Wednesday, October 27, 2010

Helen's moved to the B's

Today Helen was picked up from school to go to independent living class. She called from the transporter's cell phone to ask if I had heard from the SW. I said no, but as long as I had her, what would she like for dinner? She said tacos. So I swung by the store to get cilantro and other wonderful taco things, thinking happy thoughts about kids who actually answer that question instead of saying, "I don't know. Whatever you want to cook."

The SW called about 4:00 to say that he would be coming by with her after independent living so he could take her and her things to the B's. He spoke with Roland who was much less emotional than I would have been.

I spent about an hour crying. I was worried that I might not be able to pull it together before she got here. I see all the advantages of her going to the B's. I can and will support that move.

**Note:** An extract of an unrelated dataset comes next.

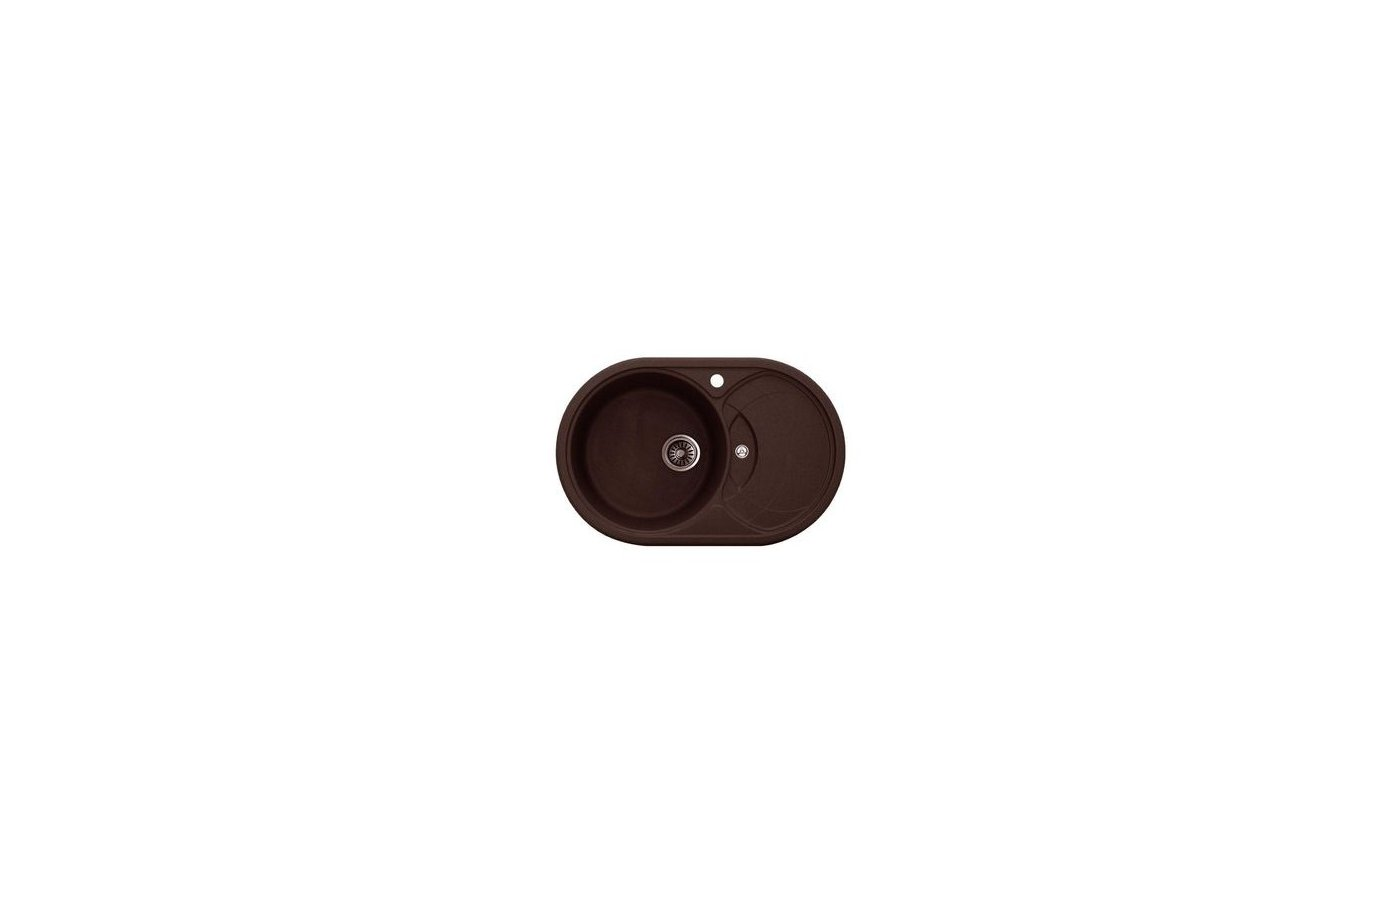 Кухонная мойка Weissgauff ASCOT 780 Eco Granit шоколад

That of course doesn't mean that I am not deeply disappointed and capable of being a big ole cry baby about it. (On the whiny, cry-baby note, why is it that I never get to keep the girls? I love my boys, but what the hell universe?)

After crying for a while I remembered that she was halfway through The Hunger Games on my Kindle. I decided that I would loan it to her. Then I decided that if she was taking it to the B's I should remove all the tawdry romance novels. Then I decided that I would go ahead and get the new Kindle I have been coveting for a while and let her keep the Kindle on loan indefinitely. So I sat down at the computer to remove a couple hundred books from the machine (not all of them tawdry). It kept me busy and by the time Helen and the SW showed up I was nearly done. It made saying goodbye easier since I was able to spend those few minutes telling her how to use it rather than how much I was going to miss her.

Now this isn't about me being incredibly generous. In fact, one could argue that it was a totally selfish act, since I am using it as an excuse to buy a new one. It also makes me feel better because I LOANED it to her, and that means she and I are agreeing that I will see her again soon.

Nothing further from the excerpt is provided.